Here's the thing I want everyone to know, though: you have the right to end any relationship for the sake of your mental health, regardless of whether it's with your grandparents, aunt, or uncle. Your kids will indeed grow up without grandparents and be just fine. If they treat the children well, it makes no difference. If they're mistreating you. Are the parents of the children truly happy? Never fear what's best for your mental health by removing relationships from your children. You're worthy of that!

Similarly, when examining package offers, it is important to consider the affiliations of your significant other. Not only are you getting married to that individual, but you also have the people in the picture to ensure that they treat you well and won't have a negative impact on your mental health.

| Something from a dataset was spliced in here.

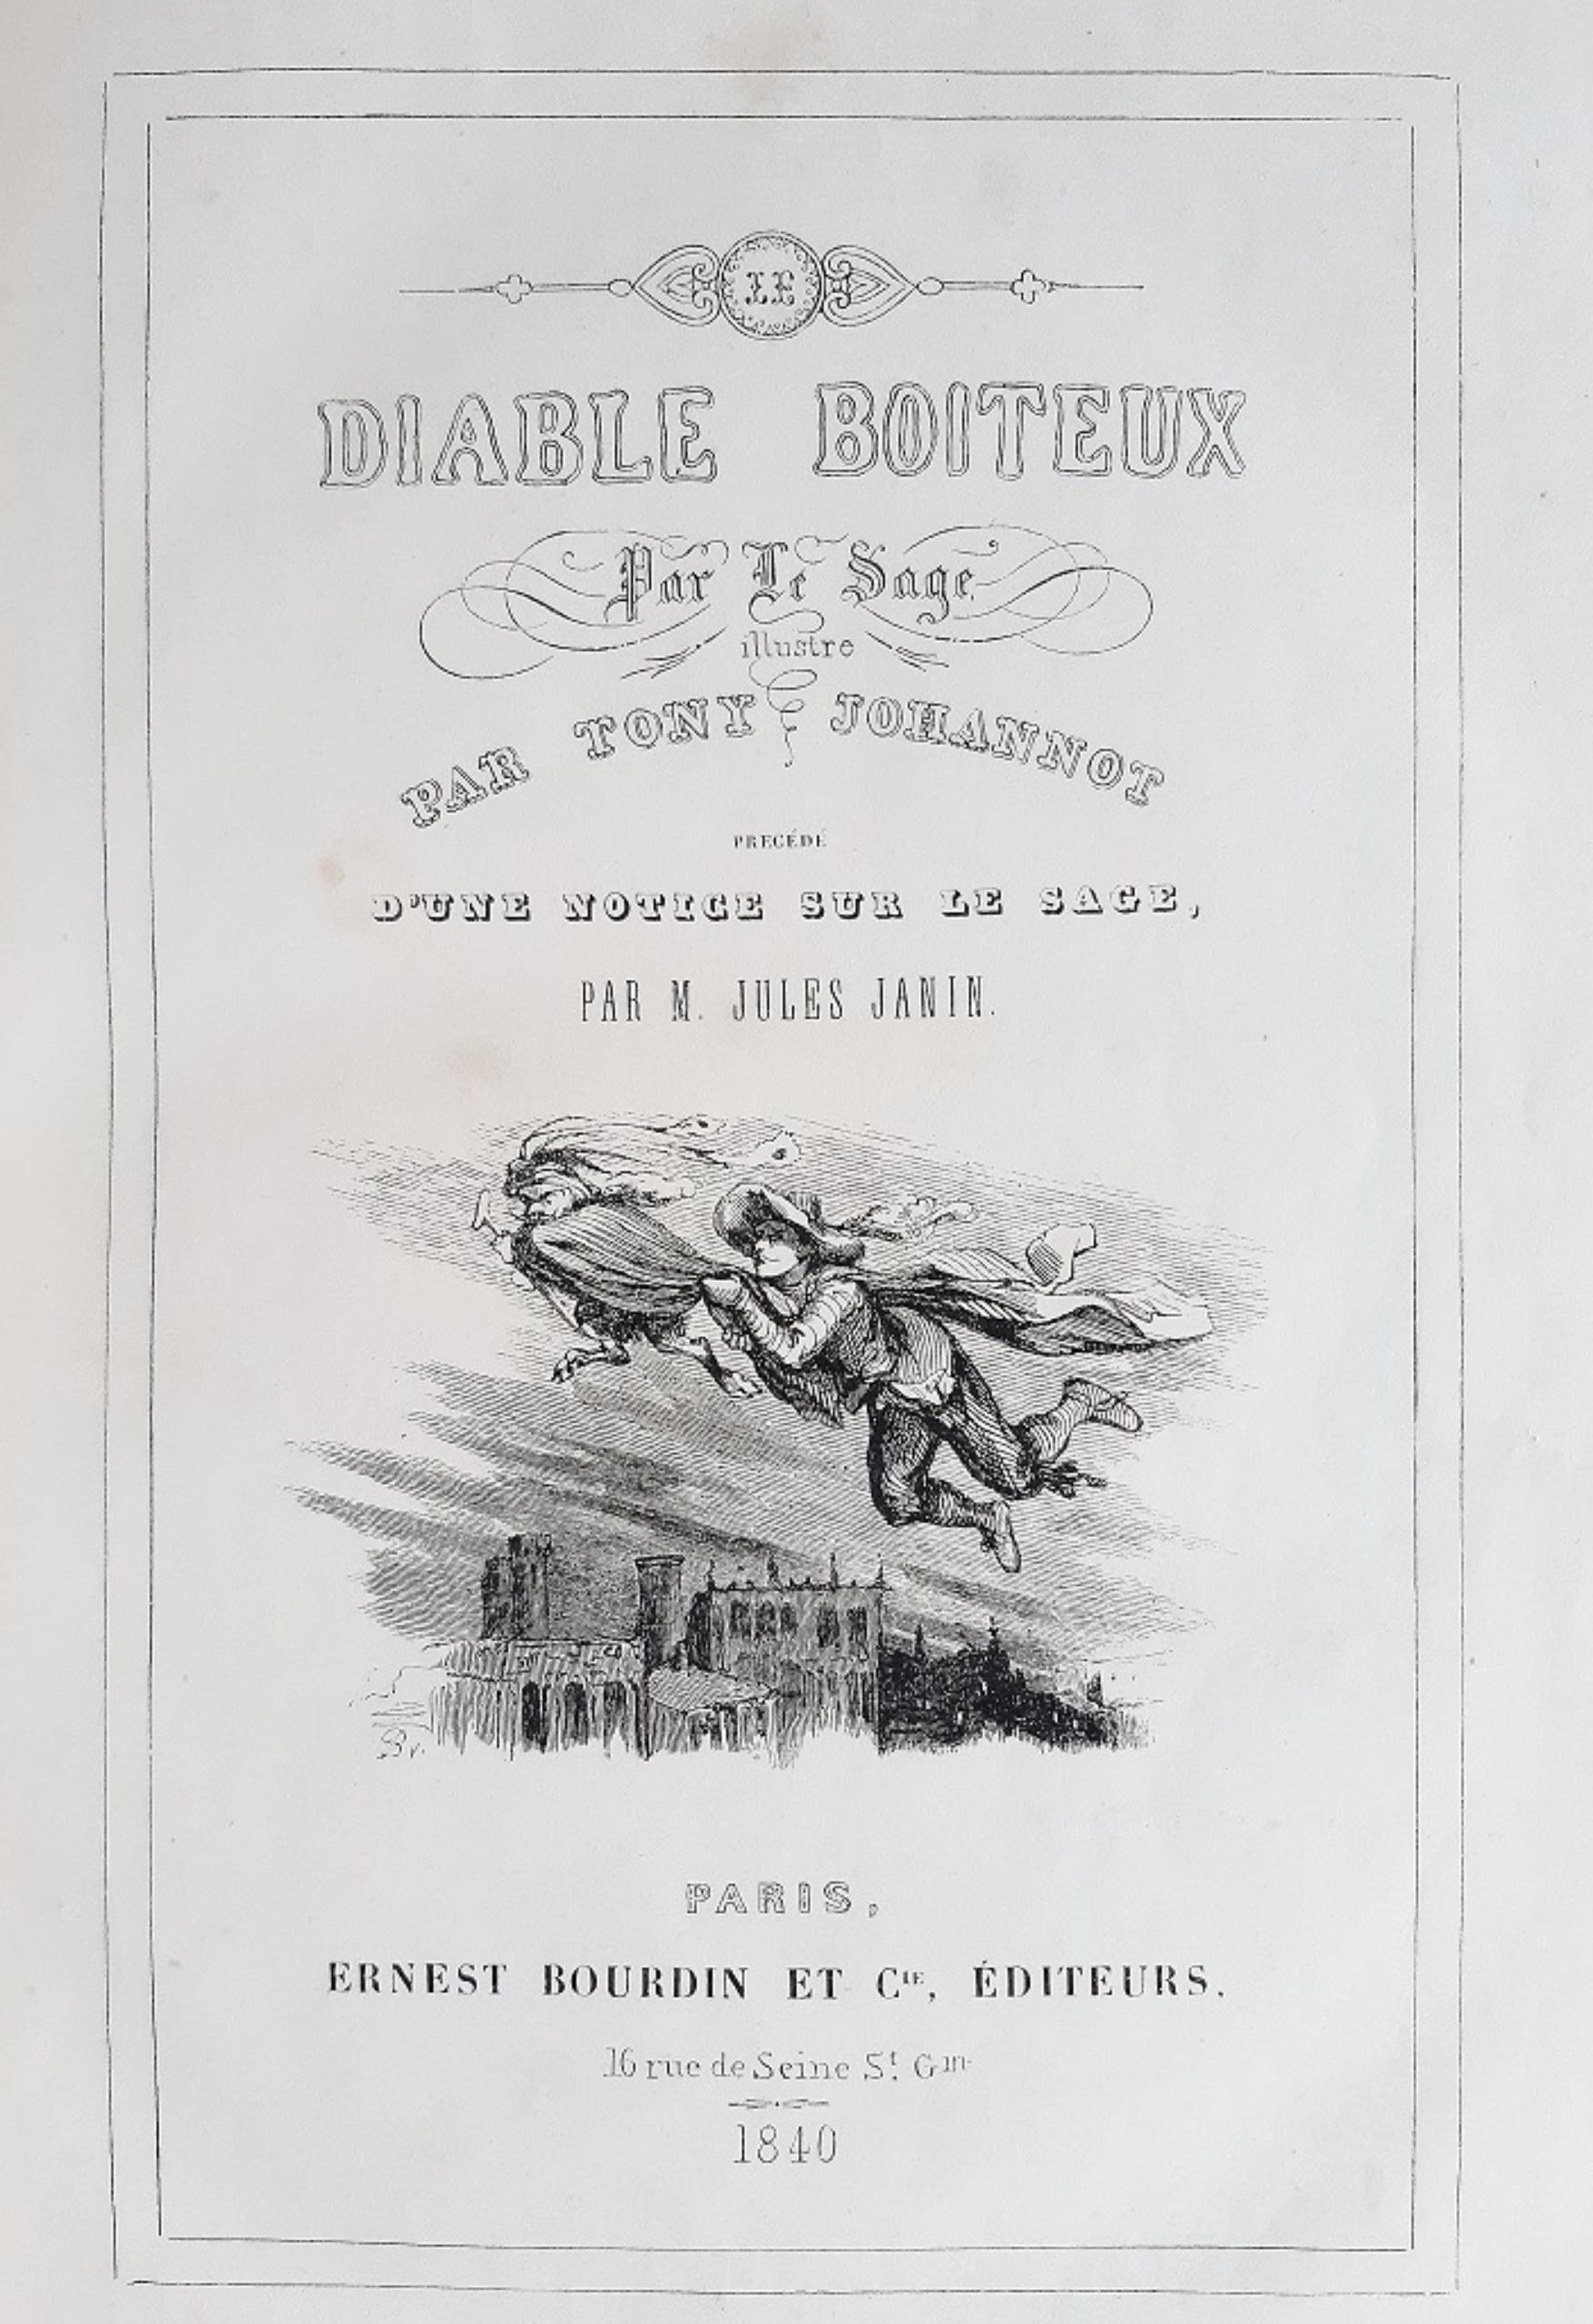 Le Diable Boiteux - Rare Book Illustrated by Tony Johannot - 1840 For Sale 1

Moving away from my neighbors was my happily ever after. In the house we currently own, my husband finds it less awkward because my name is the only one on the deed. I assert that she is not permitted to visit a home I own! I will never allow her into my home someone who destroys my reputation and has mistreated me mentally on so many levels. Naturally, she is the one who is the victim after she physically, mentally, and emotionally mistreated me. I adore every comment, "I can't believe you cut her out of your life completely." I just wear a smile.

Just remember, when you're dealing with somebody who's abusing you, you don't have to stoop to their level and tell lies about them or spread rumors about them. All you have to do is tell the truth about what they did to you, and they will look like the horrible person they are. We as individuals should be judged by our actions. That's what I told myself all those years. One day she'll get hers when I finally find the courage to tell people about what she did to me.